So I have a function to check if a tree is a bst(if every node only has smaller values on its left and larger values on its right). Every other function works and the problem is with this one (second one just calls helper). I think the issue has something to do with the recursive call root-left hitting null but I am not sure and even if it is not sure how to fix. Can add more code as needed. Any help is appreciated.
visual studio error i get is : R00t -> left was nullptr other compiler: segmentation fault core dumped.

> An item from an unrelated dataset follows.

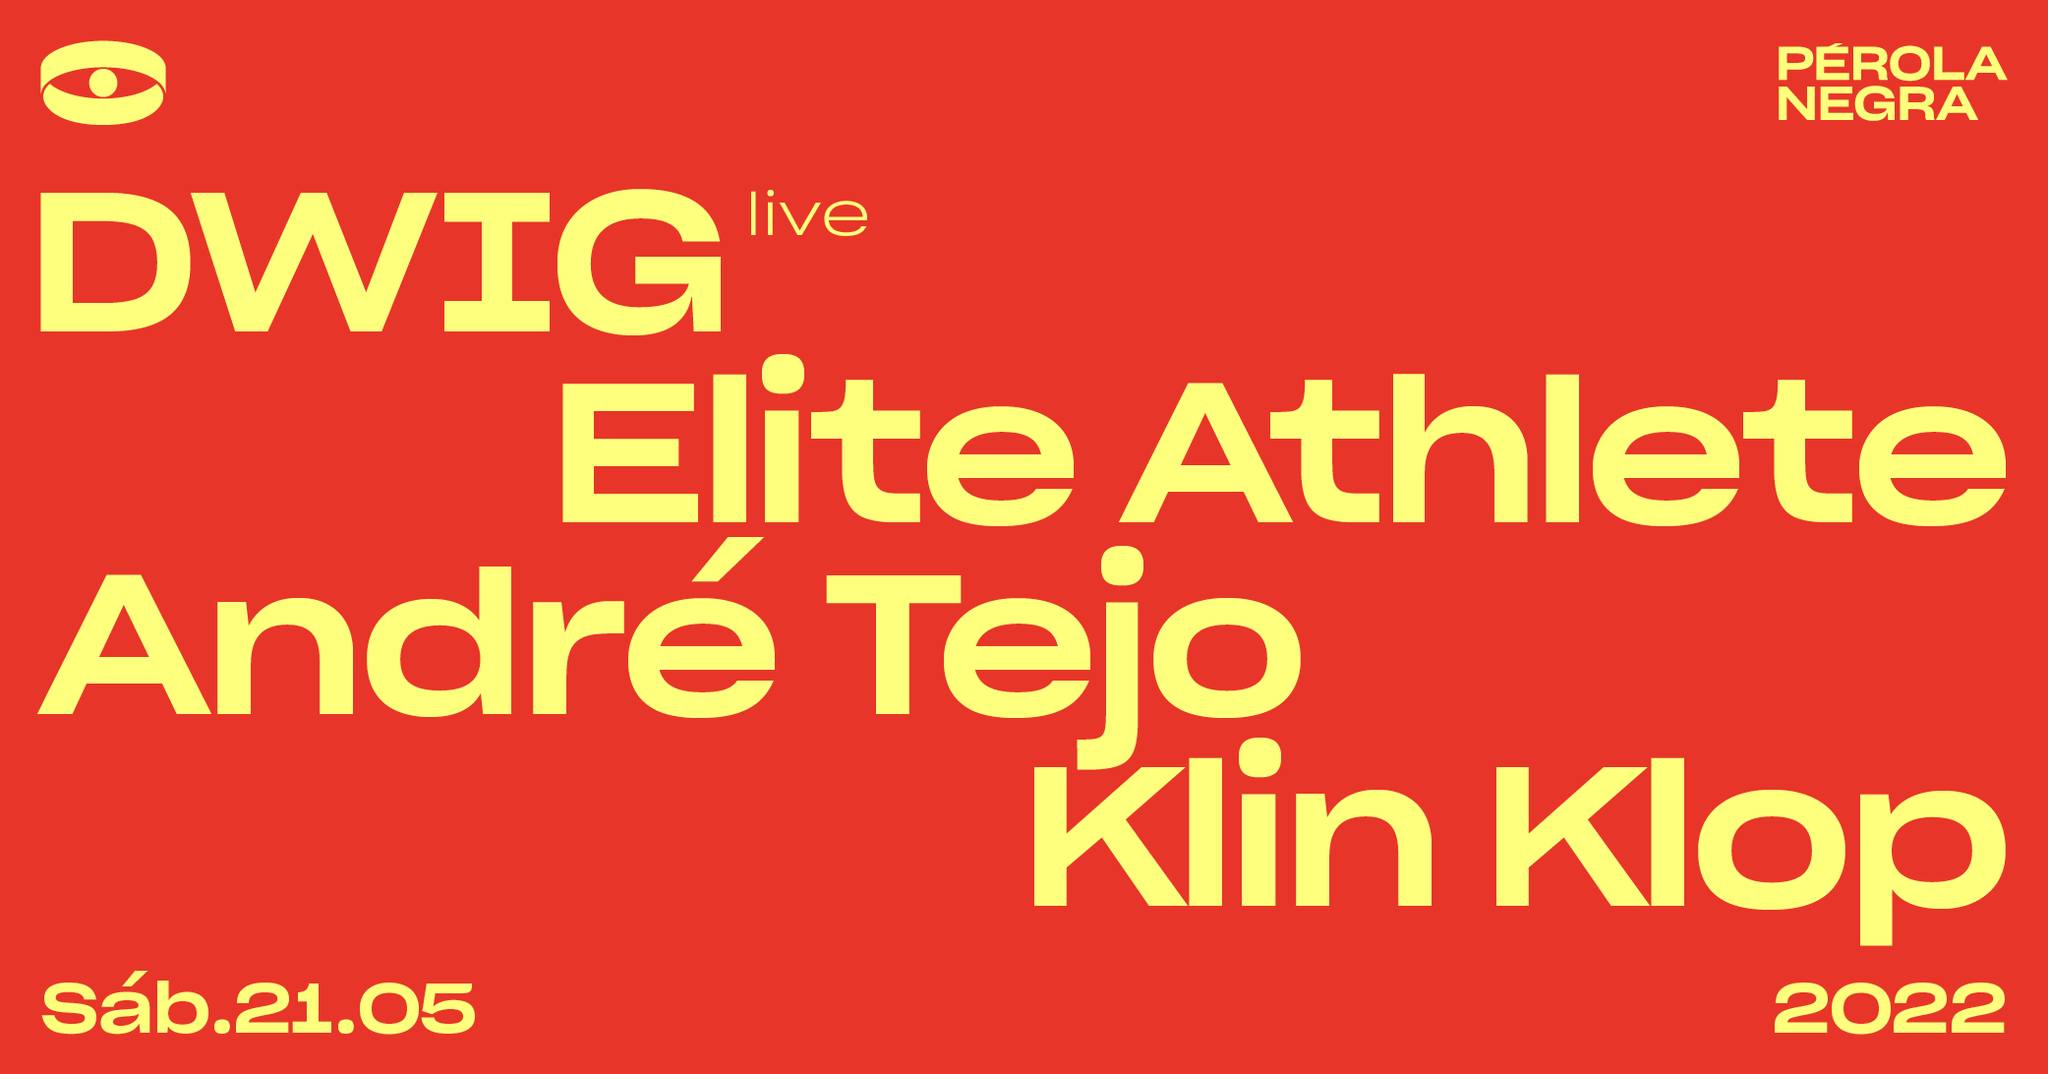 DWIG (live), Elite Athlete b2b André Tejo, Klin Klop

bool isBSThelper(TreeNode* R00t)
{
if (R00t == NULL)
return true;
//if (R00t->left != NULL && (R00t->info < R00t->left->info))
if (R00t->info < R00t->left->info)
return false;
//if (R00t->right != NULL && (R00t->info < R00t->right->info))
if (R00t->info > R00t->right->info)
return false;
return isBSThelper(R00t->left) && isBSThelper(R00t->right);
}
bool TreeType::isBST() const
{
return isBSThelper(root);
}
According to your comment
even with if (R00t->left != NULL || R00t->right != NULL) error persists
the problem would persist. Let me rewrite and iterate from there (since I can't comment to ask for clarification -new user). If your code was like
bool isBSThelper(TreeNode* R00t) {
if ( R00t == NULL )
return true;
if ( R00t->left != NULL || R00t->right != NULL ) {
if ( R00t->info < R00t->left->info )
return false;
if ( R00t->info < R00t->right->info )
return false;
}
return isBSThelper(R00t->left) && isBSThelper(R00t->right);
}
then you would potentially still encounter the same problem, since the expression
if (R00t->left != NULL || R00t->right != NULL) {
would still make this expression with values
R00t->left != NULL
but
R00t->right == NULL
evaluate to true.
One solution might be
bool isBSThelper( TreeNode* R00t ) {
if ( R00t == NULL )
return true;
if ( R00t->left != NULL && R00t->info > R00t->left->info )
return false;
if ( R00t->right!= NULL && R00t->info > R00t->right->info )
return false;
return isBSThelper( R00t->left ) && isBSThelper( R00t->right );
}
And the problem would be no more. (1) is critical.
An additional note: Your code does not check
if (R00t->left != NULL && R00t->right!= NULL && R00t->left->info < R00t->right->info)
return false;
which is another property of a Binary Search Tree (or obviously using ">" instead of "<" here as you see fit).